Но Василий Калика нашел выход. В 1346 г. он отправился в Москву за князем и одновременно посетил митрополита, который на месте дал свое благословение (Симеон поедет в Новгород без Феогноста) [НПЛ: 358]. Едва ли в финансовом плане архиепископ что-то выиграл, скорее даже наоборот, ему пришлось внести довольно серьезные сверхплановые платежи. Но он достиг важных политических выгод: ему были пожалованы крестчатые ризы (эти ризы имели для новгородцев огромное значение, и в дальнейшем новгородцы будут чрезвычайно ревностно оберегать право на это отличие для своего владыки), не нарушался суверенитет владычного суда, что не могло не вызвать удовлетворения у граждан Новгородской земли. Это было дипломатической победой Василия Калики: довольны остались и митрополит, и паства, а такого согласия добиться было нелегко. Возможно, архиепископ смог здесь как-то использовать в своих целях влияние на первоиерарха великого князя.

В 1352 г. Василий Калика отправился по призыву псковичей в охваченный эпидемией чумы город. Вернуться живым ему было не суждено: он умер на обратном пути[223] [НПЛ: 100, 362]. Конечно, поездка в Псков в тех условиях требовала огромного мужества, и архиепископ нашел в себе силы до конца выполнить свой пастырский долг. При этом визит Василия, естественно, приносил и политические выгоды Волховской столице, ибо это должно было улучшить отношения с его «младшим братом».
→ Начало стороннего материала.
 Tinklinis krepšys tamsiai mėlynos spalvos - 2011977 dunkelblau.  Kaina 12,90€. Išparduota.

Псковский мор, перекинувшийся позже на всю Русь, показал, насколько изменилось религиозное сознание людей. Многие в ожидании скорой гибели от страшного недуга раздавали «имение свое отдающее въ милостыню церквам и монастырем, попом, духовным отцам и нищим… Ови от богатества села давахоу святым церквам или манастырем, дроузии же во озере ловища, и сады или что от имении своих, тем хотяче собе имети в память вечную» [ПСРЛ, т. V: 21]. Практика передачи имущества «на помин души» обозначила связанный с углублением христианизации переход от сознания религиозного оптимизма, свойственного Древней Руси, к мысли о необходимости серьезных усилий для собственного спасения. «Передача значительных материальных средств на помин души церквам и монастырям – ярчайшее свидетельство начала колоссальных изменений в сознании неофитов, еще вчера радостно уверенных в гарантированности собственного спасения» [Алексеев 2002: 62].
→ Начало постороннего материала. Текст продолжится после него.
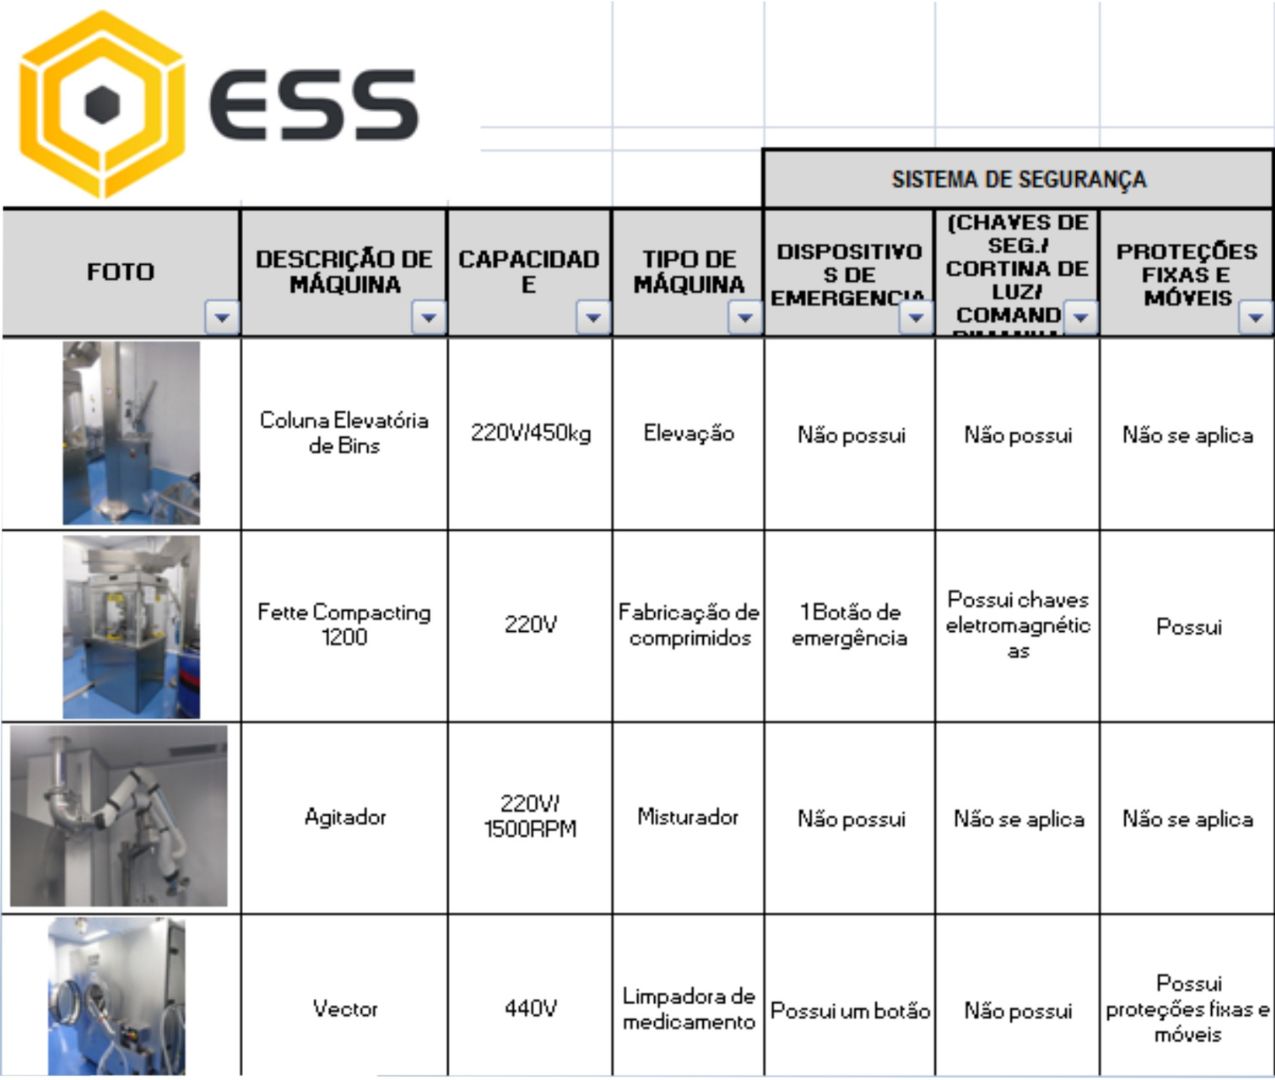 Site ESS - Case de Sucesso 1 - Inventario de maquinas e equipamentos (1)

Вернемся к рассмотрению деятельности митрополита Феогноста. Важным моментом в укреплении положения Москвы стала канонизация митрополита Петра в 1339 г. После прославления «гроб святого Петра… стал твердым краеугольным камнем для нее в ее стремлении к политическому возвышению» [Голубинский 1997в: 152]. Феогностом руководило желание прославить чудеса угодника, не забывал он, конечно, и о помощи Москве [Голубинский 1997в: 151; 1998а: 67]. Действительно, «именно применению канонизации (не только Петра. – Р. С.) Москва в некоторой степени была обязана переносом митрополичьей кафедры из Владимира в Москву» [Хорошев 1986: 92]. Вместе с тем митрополит преследовал сугубо церковные цели: была сделана попытка упорядочить процедуру прославления святых для общерусского почитания (это относилось к юрисдикции патриарха, у которого испрашивалось благословение), повышался статус самого Русского митрополита, так как святым был объявлен его непосредственный предшественник [Кричевский 1996: 55]. Кроме того, с открытием Галицкой митрополии Феогност оказался более привязан к Северо-Восточной Руси, а значит, и к Москве, что также способствовало прославлению Петра [Соколов 1913: 283], а происхождение святого из Галиции могло хоть как-то способствовать сближению Северной и Южной Руси [Хорошев 1986: 98]. Канонизация, бесспорно, стала событием «большого идеологического и политического значения»[224] [Кучкин 1982: 71] и, разумеется, должна была способствовать будущему объединению Руси вокруг Москвы [Хорошкевич 2003: 165]. В летописях можно проследить закономерность в представлениях общества того времени: Бог мог удостоить тот или иной город могилой святого епископа, а мог, наоборот, лишить горожан такой привилегии за какие-либо грехи. В этом заключалось сакральное значение переезда митрополита в Москву и захоронения его потом в этом городе [Щапов 2004б: 99].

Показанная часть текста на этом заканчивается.